応募状況:年間4,000件のうち約25件が合格
受け付けない業種:デートサービス、音楽関連ビジネス、不動産マーケットプレイス、アメリカ国内でビジネスを行わない企業、純粋なBtoCビジネス

「企業を作り上げるのは大変なことだ」と語るのはAngelPadの共同設立者Thomas Korteだ。AngelPadは2010年に設立され、ニューヨークに拠点を置くが、シリコンバレーとのつながりが深い。同社は毎年2つのグループに分けてスタートアップ企業を育成する。それぞれのグループに2,000件ほどの応募があり、200~250件がKorteと共同設立者のCarine Magescasとの面談に進める。

Korteによると、同社で勝ち進むために最も重要なのは、コンセプトと事業内容が面白いかどうかということだ。「そのビジネスにワクワクするか?」を大事にするという。

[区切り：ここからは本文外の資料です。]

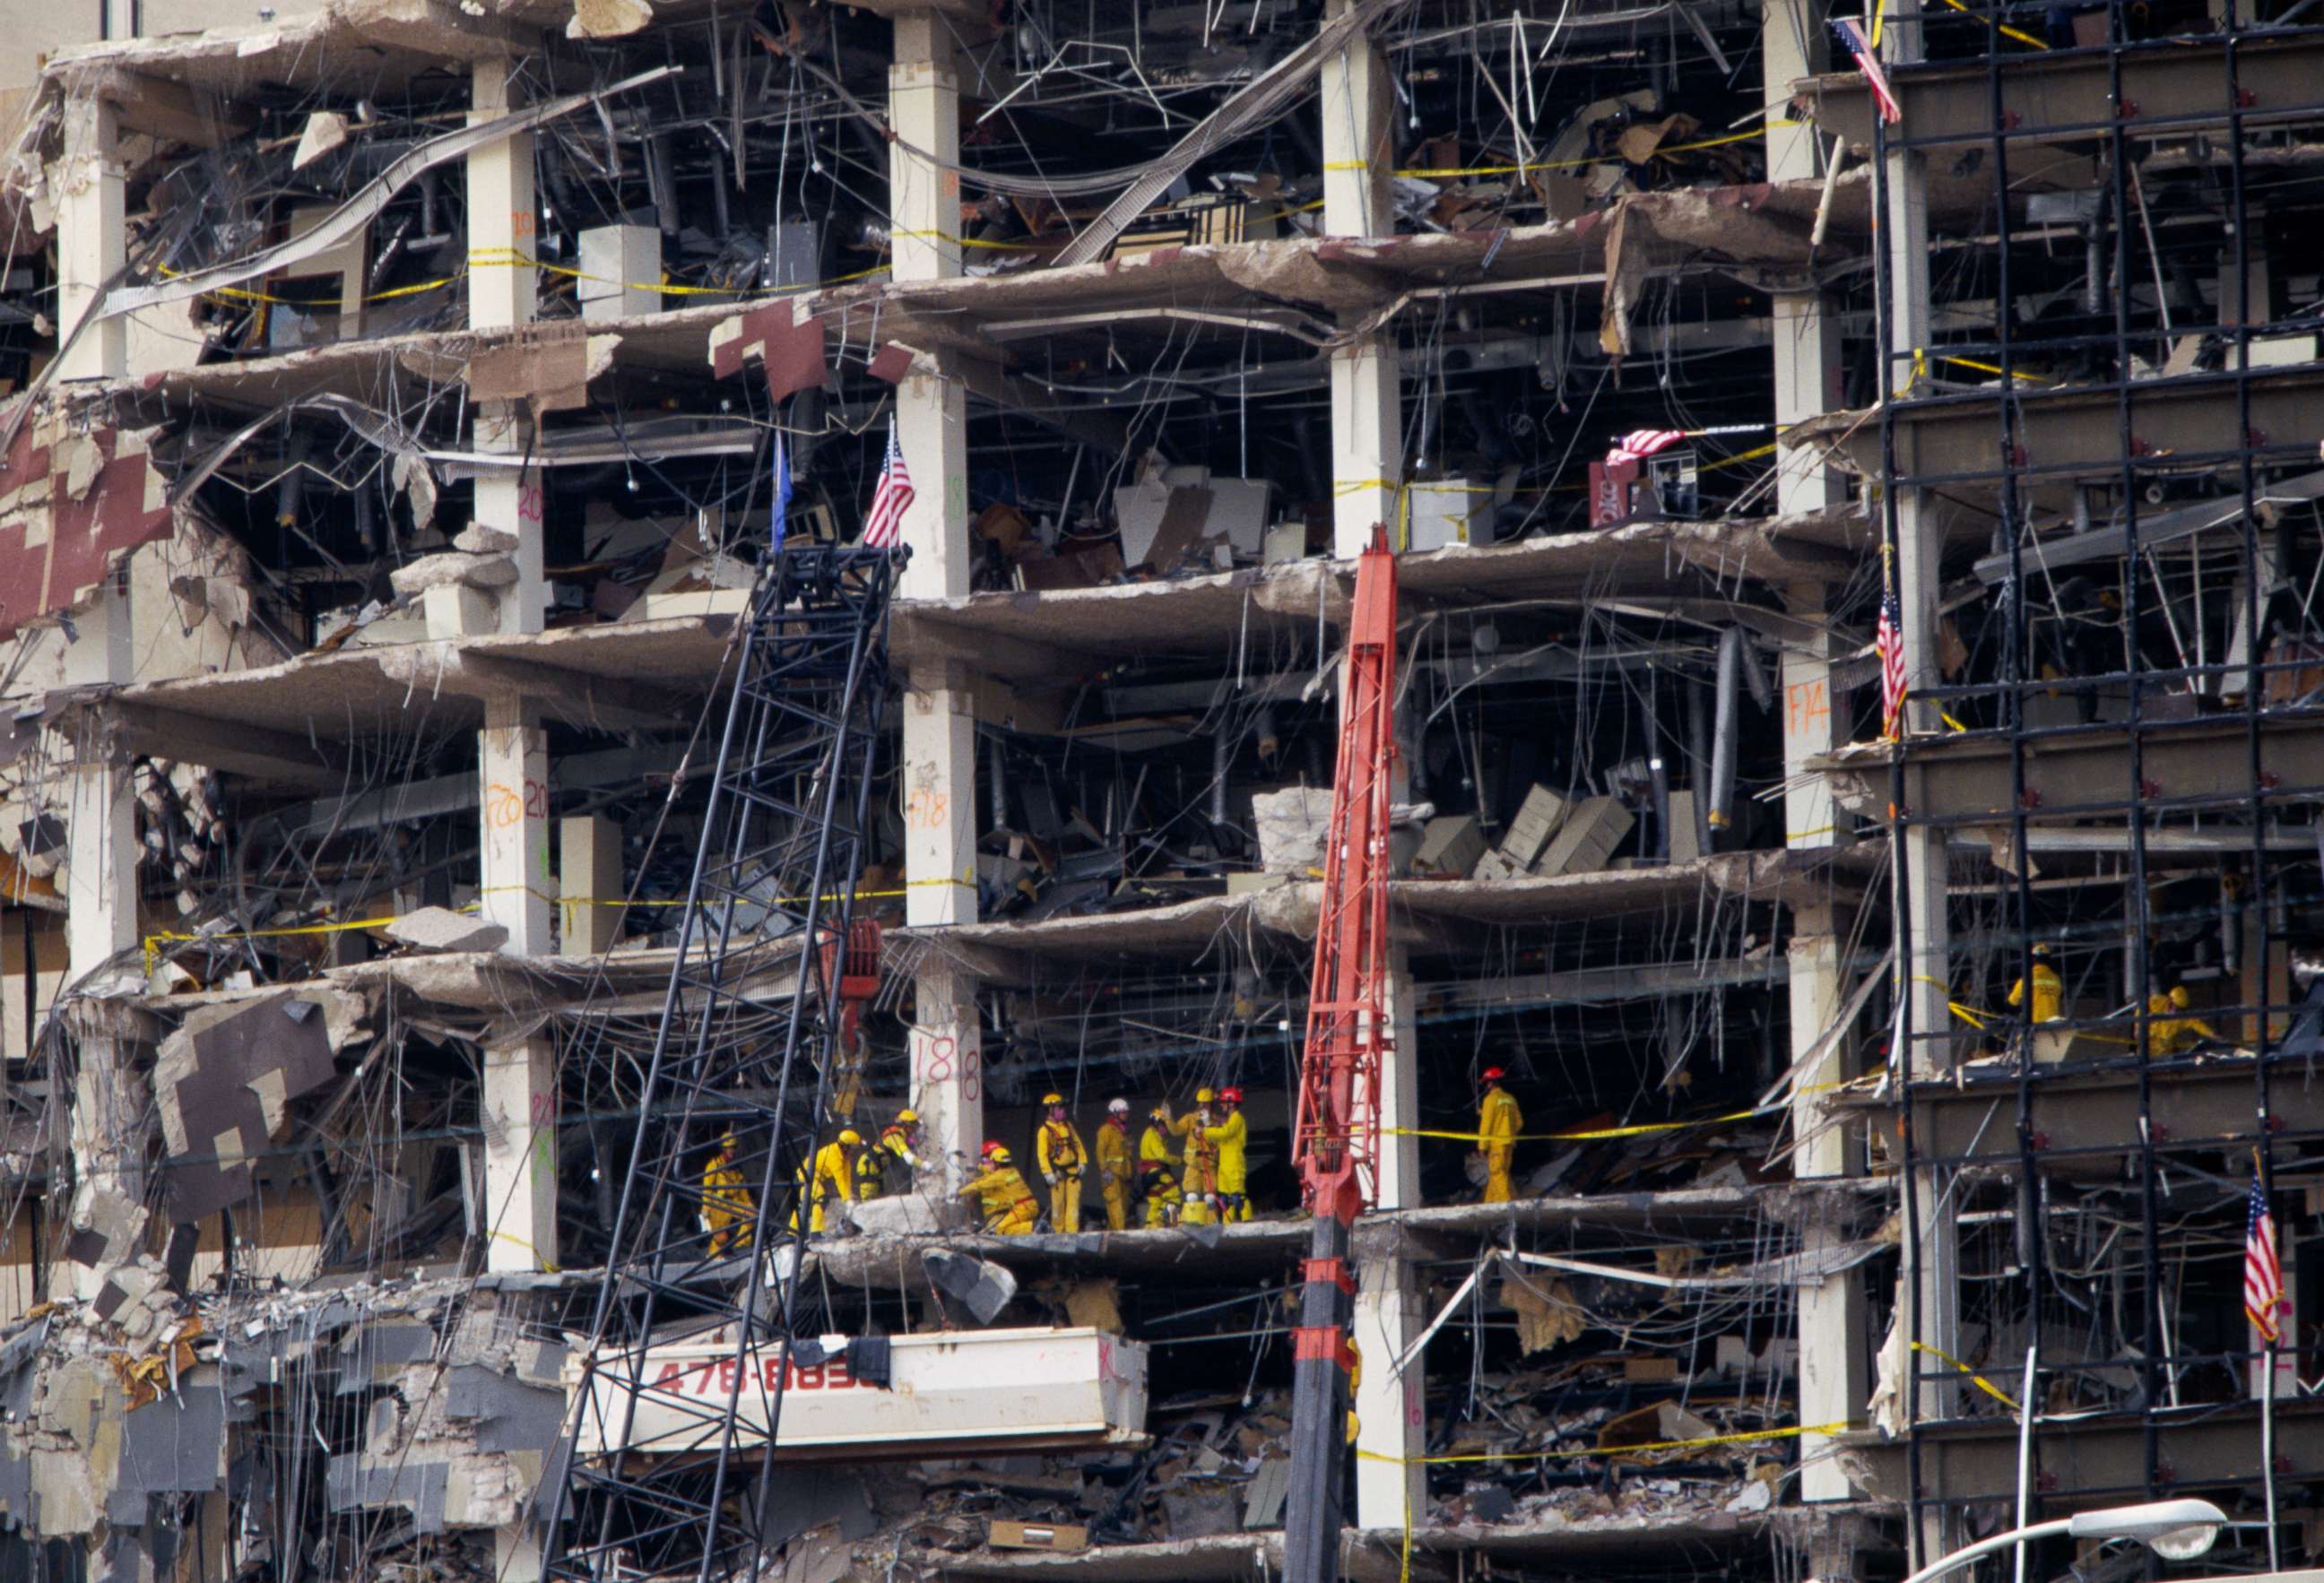 PHOTO: Rescue workers sift through the rubble of the destroyed Federal Building in the aftermath of the Oklahoma City bombing, April 25, 1999.

Korteにとって、提案された製品やサービスの必要性に共感できるかどうかも重要だという。例えば自宅のリノベーションで様々な問題点を実体験したKorteは、Fieldwire(建築業者と下請業者の間をつなぐアプリ)やPaintzen(塗装を合理化するサービス)を支援した。

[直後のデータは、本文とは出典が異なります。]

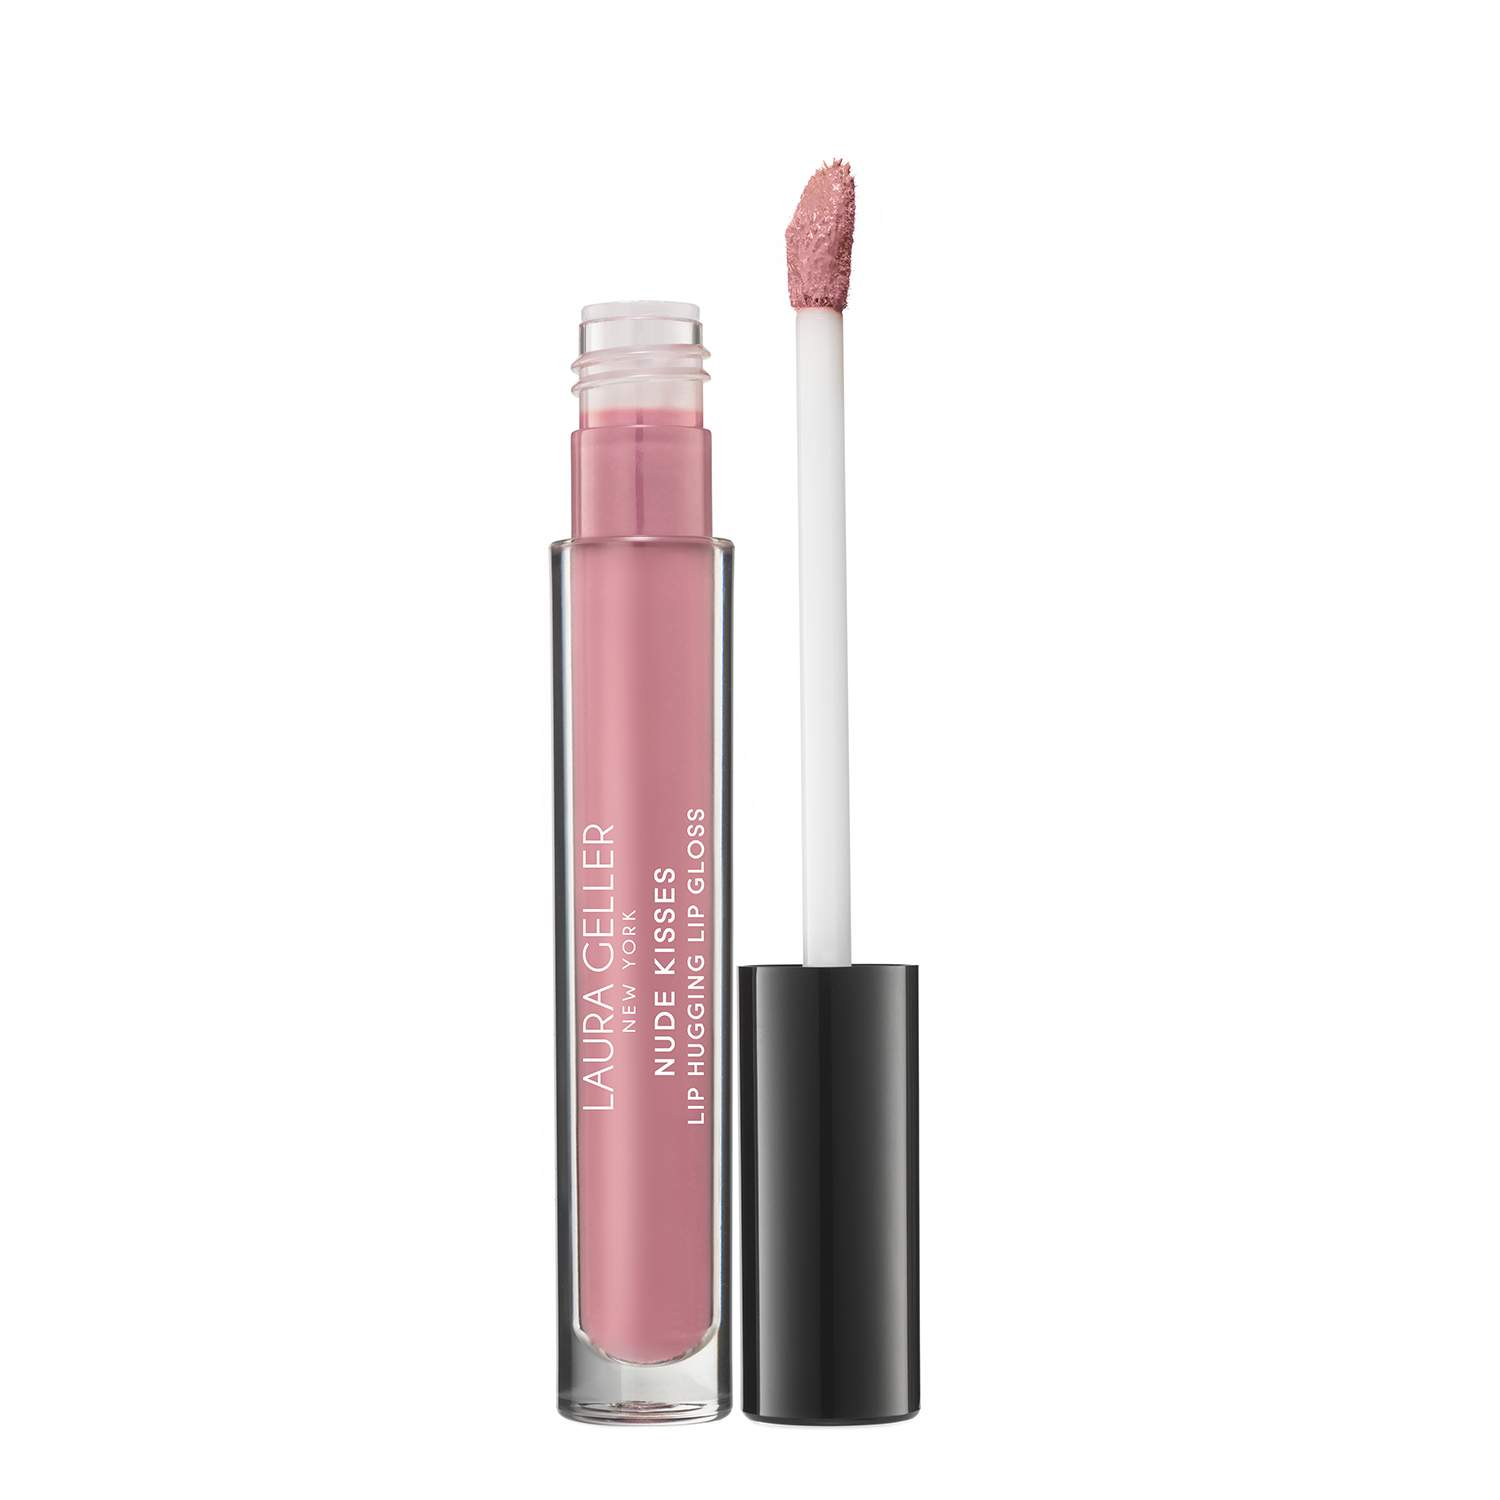 Laura Geller Nude Kisses Lip Hugging Lip Gloss - Barely There

逆にこだわっていないのはトラクション(ユーザー数の伸び)と市場規模だ。提案された製品やサービスの市場が存在していない可能性があるからだ。ユーザーが自分の求めているものを理解できないでいる可能性もある。
「設立間もないスタートアップ企業にとって、トラクションはあてにならないことがある。最初は自分の勘を信じるしかない」

MuckerLab
投資可能額:2万ドル~20万ドル
受け取る株式:7%~15%.
応募状況:年間およそ5,500件のうち10件が合格
受け付けない業種:バイオテック、セミコンダクター、環境技術、マテリアルサイエンス

MuckerLabの共同創業者、William Hsuが注目するのは市場規模だ。「そのビジネスにはどのぐらいのスケールがあるかを重視する。」という。

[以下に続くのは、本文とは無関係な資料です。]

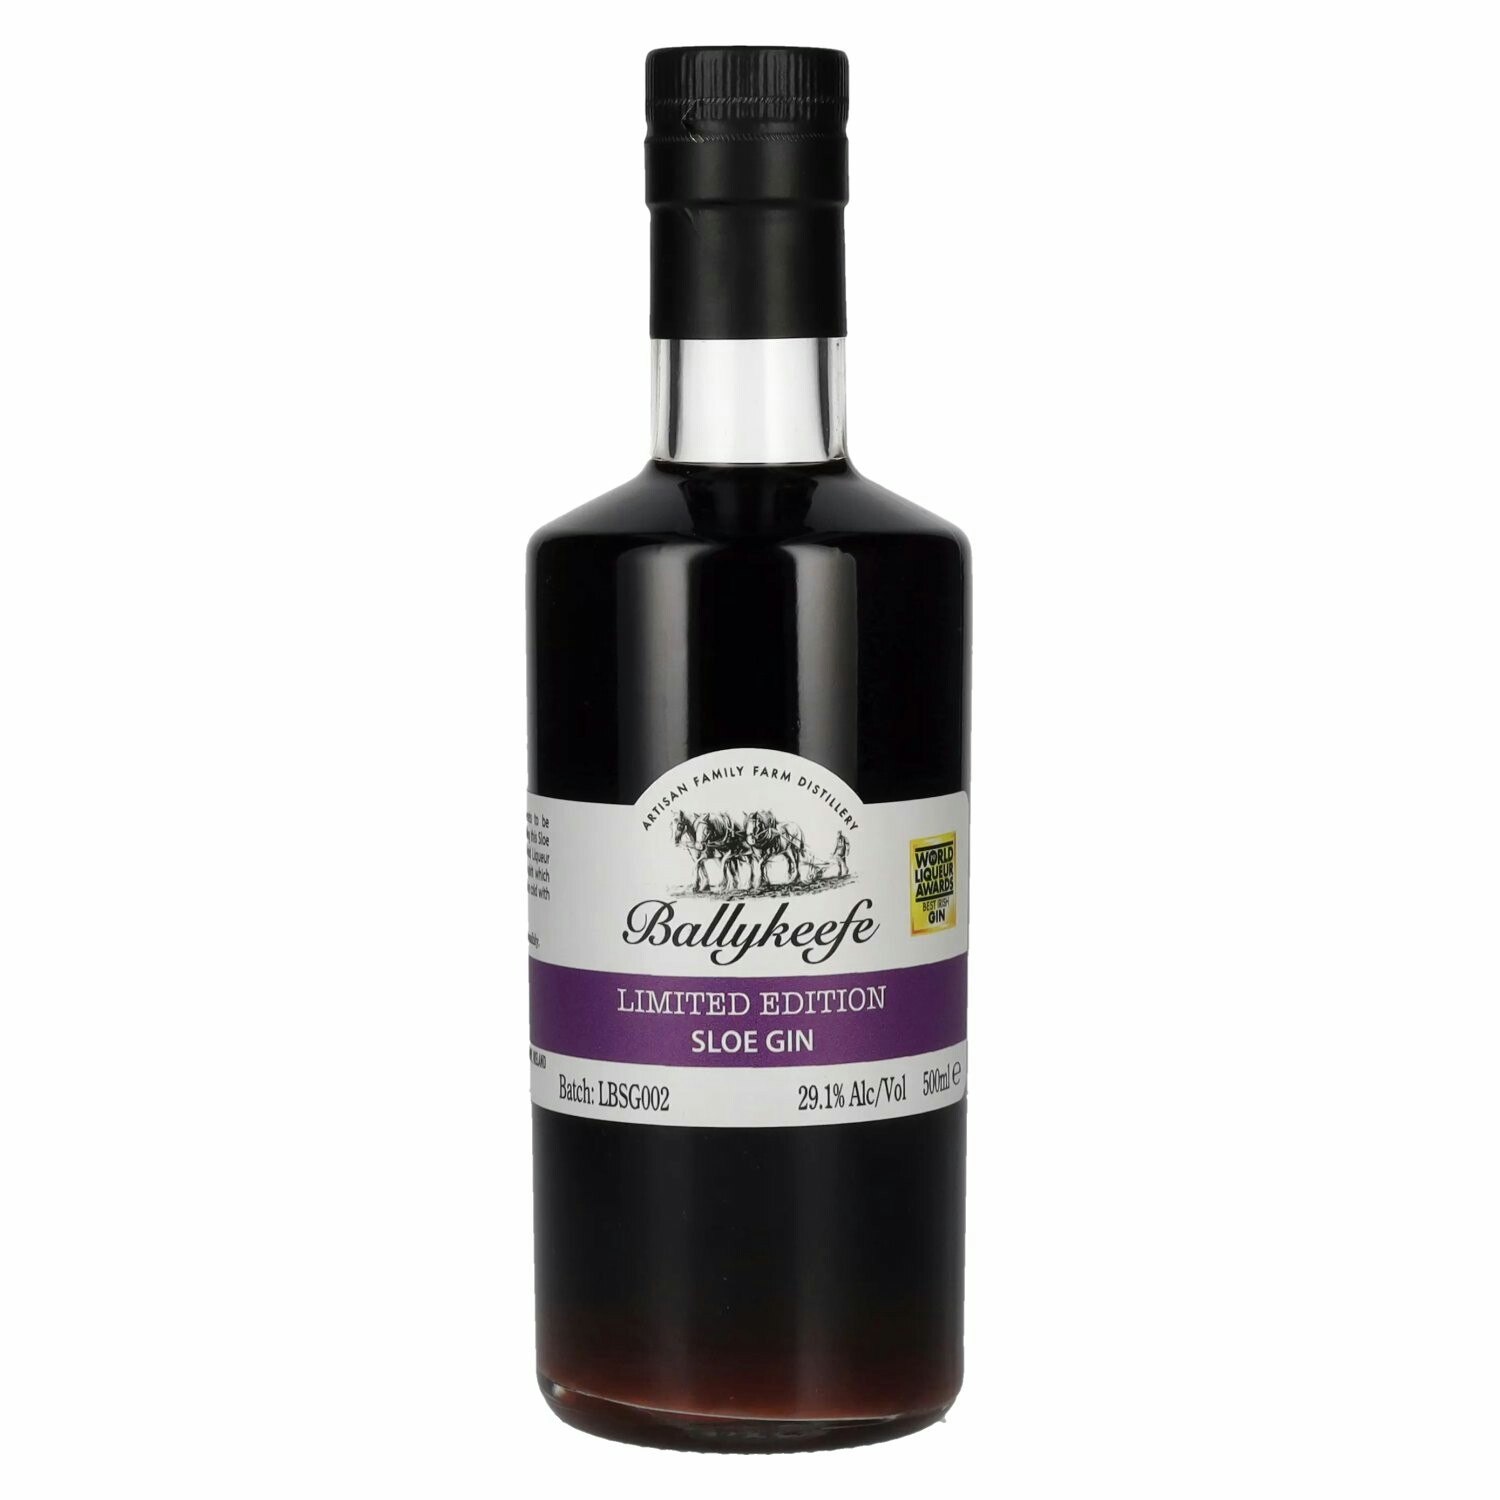 Ballykeefe Sloe Gin Limited Edition 29,1% Vol. 0,5l

「スタートアップ企業の設立者は、画一的なリーダーシップを持っている必要は無い。それよりも製品を作り上げ、チームをインスパイアする能力を重視している。“付いていきたいと感じさせる目”をしているかどうかを見ている」

Hsuは、スタートアップ企業たちは同じ間違いを犯すと指摘する。その1つが、製品が未完成だったり、企業の土台を確立しないままにアクセラレータに応募することだ。アクセラレータの助言を受けて完成させればいいと思ってはならない。また、多くの起業家が早期に資金を集めようとしすぎているという。